Эта история в сравнении с обычными выглядит то ли малахольной, то ли недокормленной, то ли страдающей от болезней скоропостижных и весьма напряженных.

Если вы все же решитесь познакомиться с ней поближе, я бы советовал сделать ей прививки, как перед отдыхом в Малайзии. И не пускать в дом дальше коврика у входной двери.

Хотя решать-то вам, можете даже лапу потом пожать. На выбор.

…А дело было так.

На девяносто пятую годовщину Октября полковнику Карабасову, начальнику колонии, уважаемому собой и подчиненными человеку, сделали нежданный подарок из областного управления уголовно-исполнительной службы. И то сказать, на кой ляд начальнику колонии седьмые дарственные часы, если он еще целых три штуки полученных ранее не успел сжить со свету или обыденно пропить? Тот же вопрос, конечно, относительно радиомагнитол, которых в хозяйстве было четыре штуки, по одной на комнату. А цветной телевизор к юбилею великого события в пятый раз все равно уже подарил себе начальник областного управления. В кухне-то у него так и стоял черно-белый, прямо как не у людей. Дело житейское, что и говорить. Кто как может, тот так и устраивается.

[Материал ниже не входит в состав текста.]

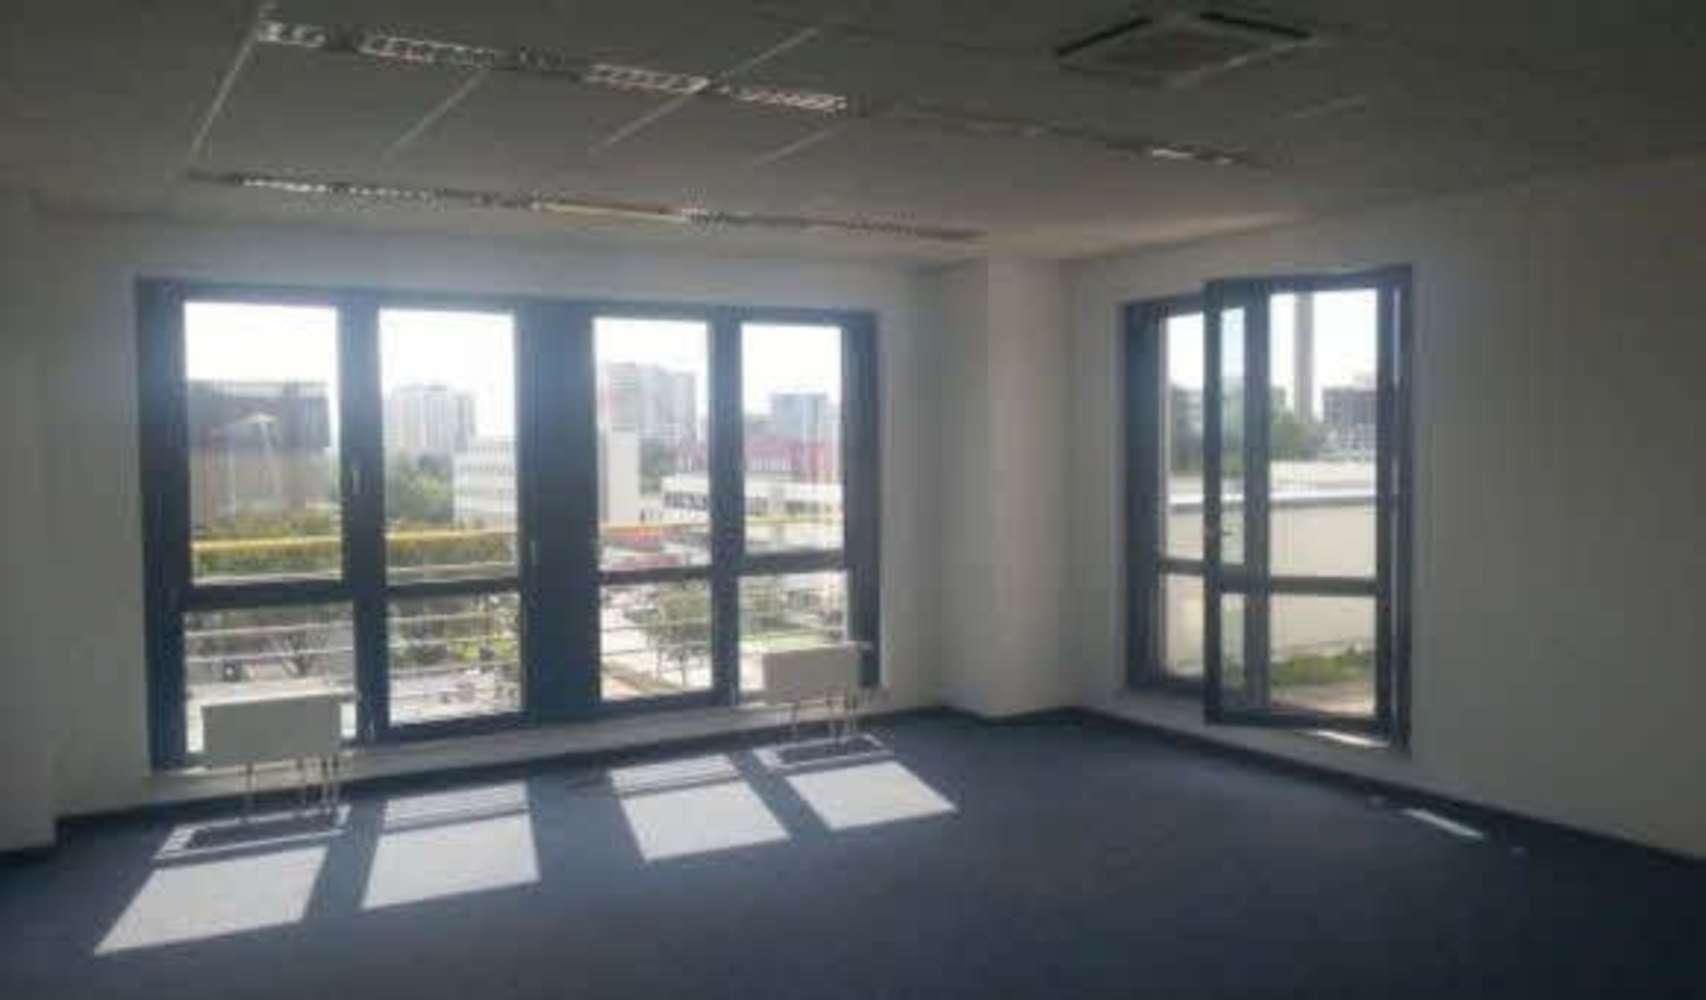 Büros Frankfurt am main, 60437 - Büro - Frankfurt am Main, Nieder-Eschbach - F1918 - 9414556

Коньяк и холодное оружие начальник колонии, как ценитель рукастых и головастых кадров, вполне мог дарить сам – или продавать на Большую Землю за большие рубли. Промышленными партиями. За год колония способна была споить средней руки индийское княжество – или обеспечить клинковым оружием какой-нибудь племенной геноцид в Африке. А уж гравировку местные фальшивомонетчики способны были сделать даже на дореволюционном языке. Какую-нибудь наподобие «Уважаемый Петр Иннокентьевич, душа моя, всем сердцем жаждал вручить вашему деду именное оружие, да все было недосуг. Искренне Ваш, Николай Первый». При этом слово «недосуг» писали слитно, а не дробя на три части, и буквы, в общем, тоже не перевирали. Говорю же, разные истории начинаются с колоний. И заканчиваются иной раз весьма даже не похожие друг на друга. Предрассудки насчет неграмотности заключенных истинны не больше, чем мнение, что нет чернокожего без золоченой цепи и пистолета в загашнике.

Короче, подарок начальнику обещали шикарный настолько, что вручать его в кабинете при стоящих навытяжку завистниках и злопыхателях из соседних ИК никак было невозможно.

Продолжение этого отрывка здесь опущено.